I'm not buying the "surefire" label either. They could just as easily have some kind of issue, or blowout in that operation as well. 


I'm not holding my breath on any promise or claim that BP is making these days. 
I'll believe it when I see it. 
The other thing is no amount of money is going to fix this issue for the environmental aspect of this catastrophe. You can't undue harm done to so many of the endangered species, on so many levels. 


What could possibly be a silver lining about this disaster?
Maybe now the Drill Baby Drill crowd will STFU, and understand what the environmentalists have been arguing about offshore oil drilling all along. 


Our government has been lax & literally in bed w big oil for far too long. 


Too bad it's taking such total destruction for them to wake up & smell the crude to get it. 
But maybe now they will?


"The burst well is spewing oil at a rate of at least 12,000 to 19,000 barrels a day, U.S. Geological Survey Director Marcia McNutt told reporters Thursday, meaning 260,000 to 540,000 barrels had leaked as of 10 days ago -- larger than the 250,000 barrels spilled when the tanker Exxon Valdez ran aground in Alaska's Prince William Sound in 1989."
~CNN Reports


This is a crime scene, and BP is the culprit. 


The Top kill seems to not be working as well as they thought, so they did the junk shot. 
Will we now see golf balls & trash flowing out of the broken pipe?

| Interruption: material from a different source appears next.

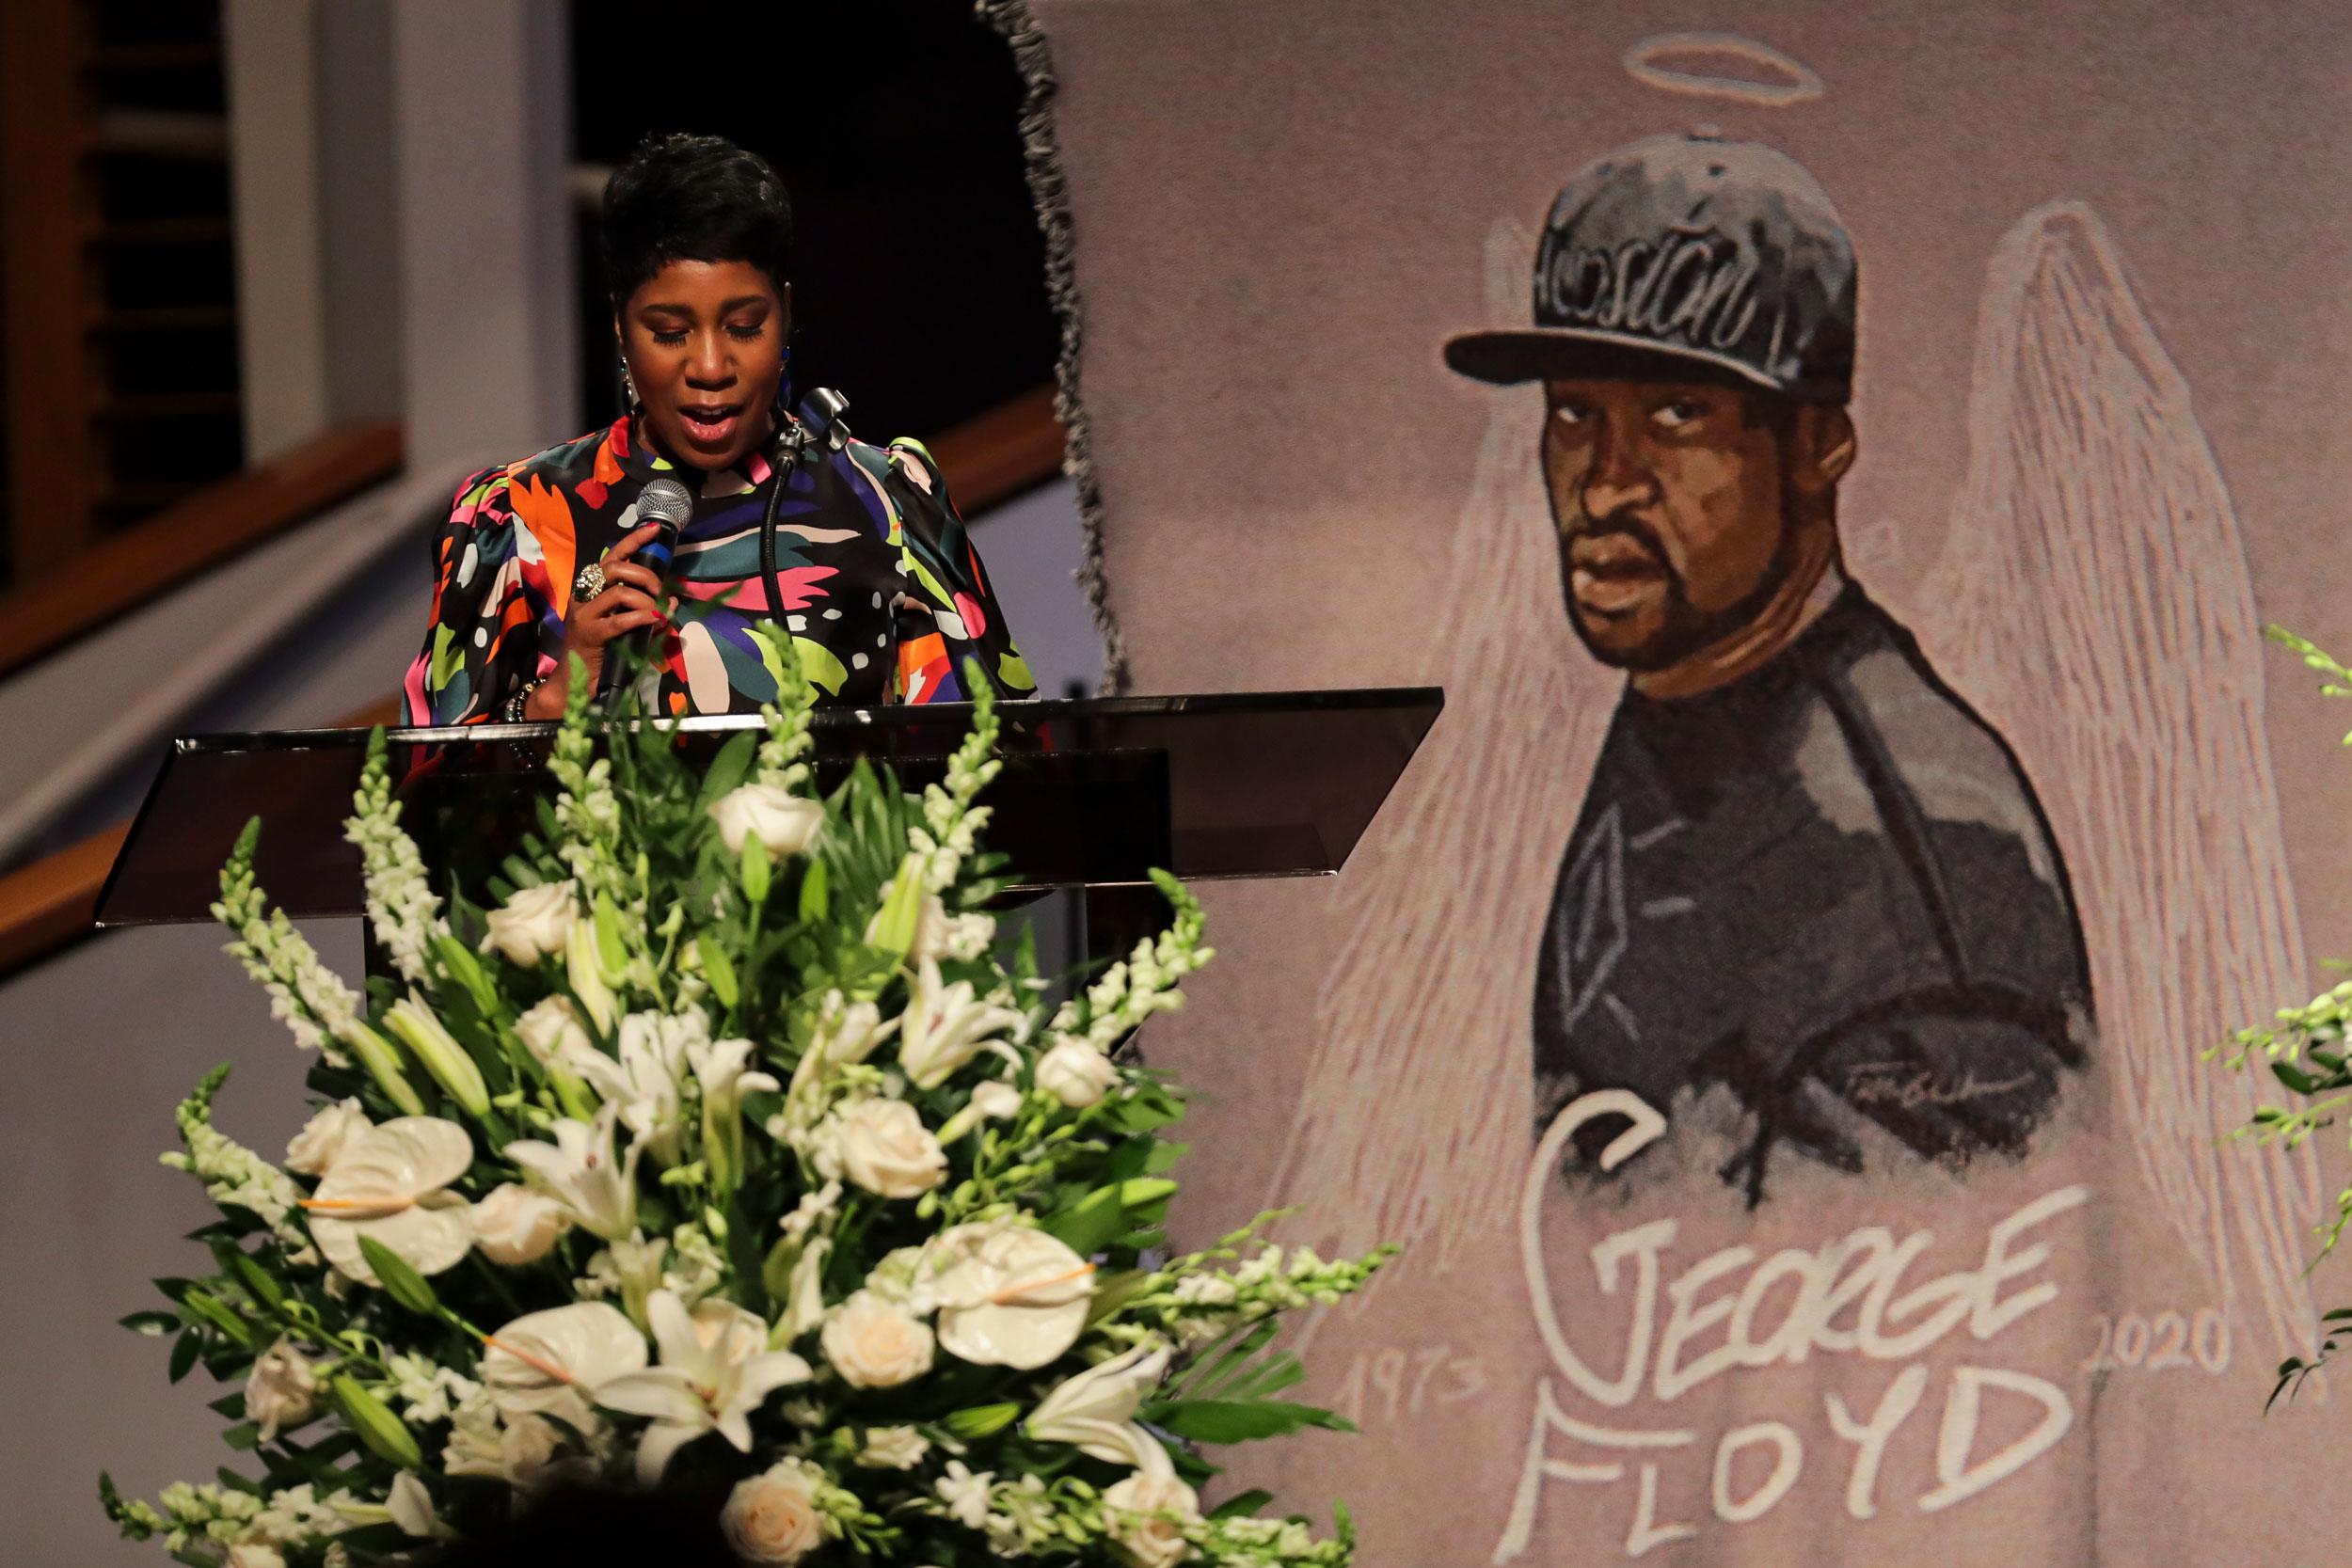 Ivy McGregor reads a resolution during the funeral for George Floyd on June 9 at The Fountain of Praise church in Houston.

Hell, even BP publicly admits it is an environmental catastrophe. That's better than BP standing on an oil soaked beach saying things are just fine. 



4 comments:

nonnie9999 said...

i hope the next hearing in congress begins with one of the congresscritters or senators saying to any and all bp reps why should we believe anything you say today, now that we know that you've been lying all along?

D.K. Raed said...

Graphic inside my head: whenever big oil guys are speaking, I don't hear their words ... all I see is the oil gushing out of that pipe a mile under the ocean ... their pie-hole is the busted pipe, the spewing oil are their words ...

Mauigirl said...

Horrible, horrible horrible. If it takes till August to fix this it will be unimaginably horrible. And if that doesn't work, who knows. I am sick, just sick. I don't even know where to start. I wake up in the middle of the night thinking about it and can't get back to sleep.

Fran said...

nonnie~ so far they have entirely demonstrated we can't believe anything they say.

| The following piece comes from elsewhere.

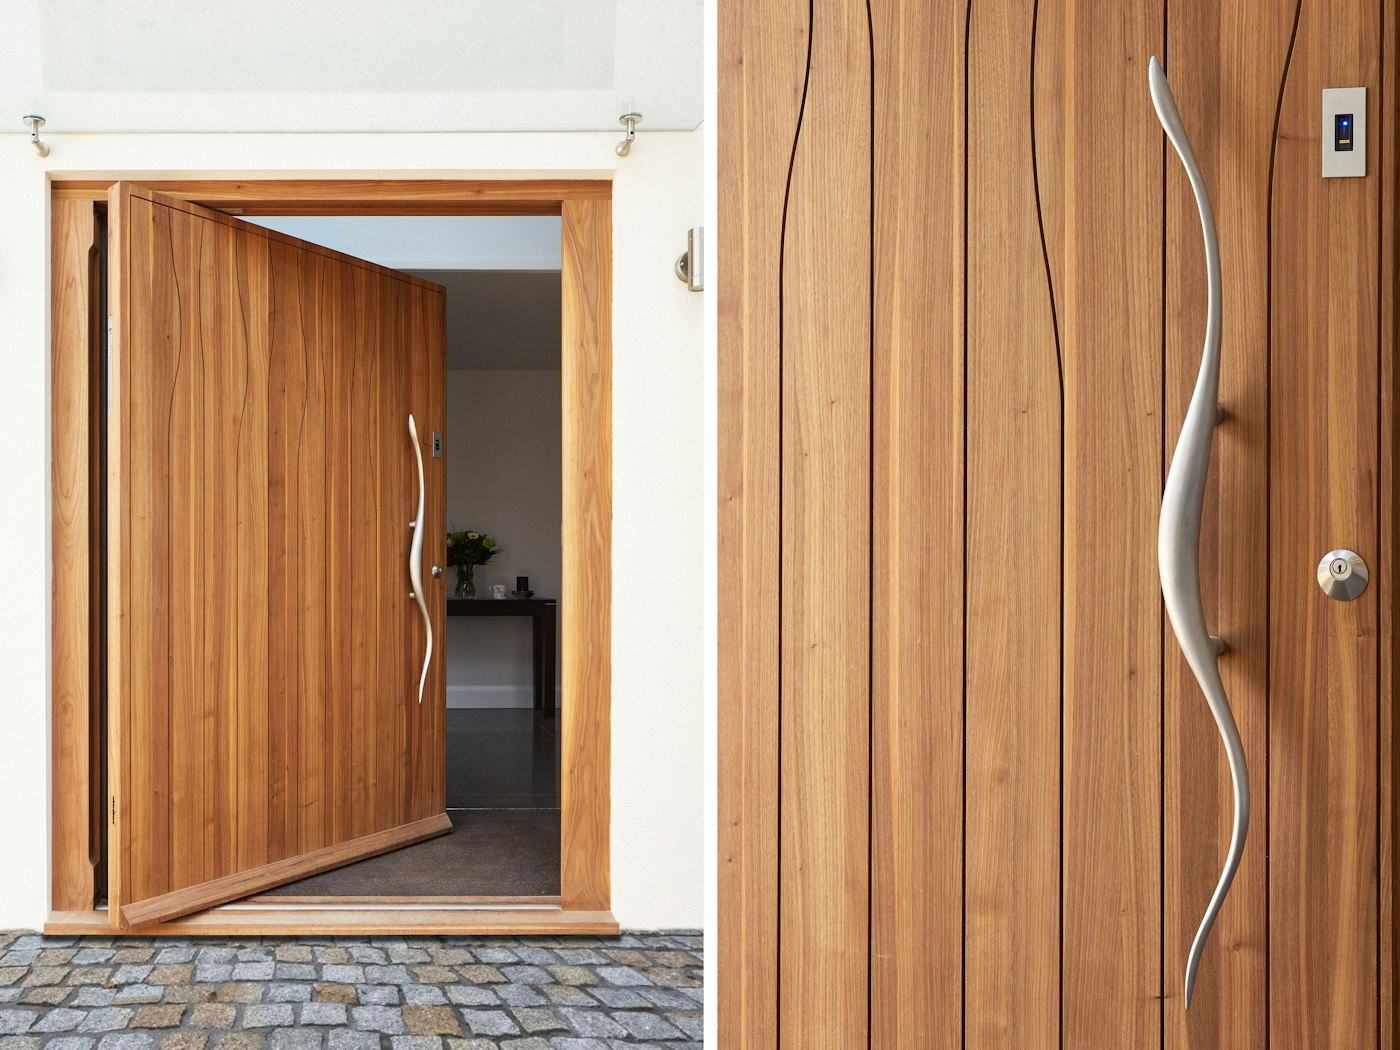 Our Wav design door takes centre stage in this house

DK~ I just read someone refer to it as "geyser cam"- looks like just oil coming out now- but it looks to be coming out in a heavier volume?
(not the heavy mud they were pumping, which is now questionable if the heavy mud is a mixture of toxic chemicals??), they did a junk shot as well, which indicates the mud alone is not getting it.
I suspect the top kill is a failure.
But how about some disclosure on if the mud actually adds more toxins to this disaster?

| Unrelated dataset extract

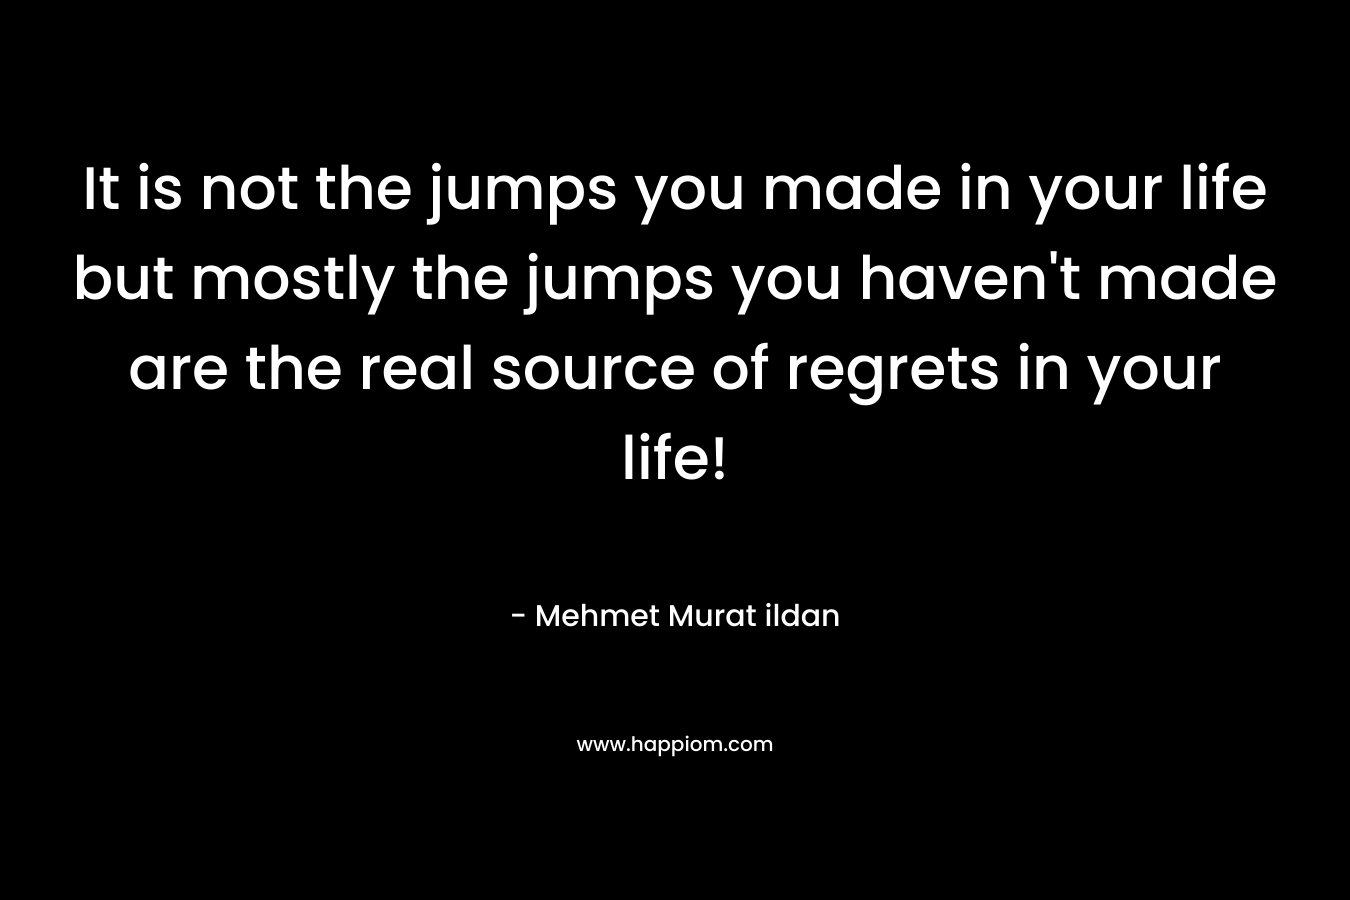 It is not the jumps you made in your life but mostly the jumps you haven't made are the real source of regrets in your life!

The people need to know- because as a nation we need to decide if our hunger for oil is worth taking this kind of risk.
A lot of us are already convinced it is not worth the risk, but now that the worst case scenario has occurred, maybe some of the Drill baby drill crowd will have changed their minds?

Maui~ I have that same feeling. Money can;t fix this problem. They had so many rare, endangered & threatened species there- some unique to just the Gulf waters. There is never a "good time" for an oil spill to happen, but this is happening right during nesting & migration season- so the hatchlings are at risk as well.
They just took the Brown Pelican off the endangered species list in Louisiana in November 2009. 316 have died since the spill & 207 sea turtles.
Damn.

But maybe now people will get it that there are too many perils in the offshore drilling & real change will come of it?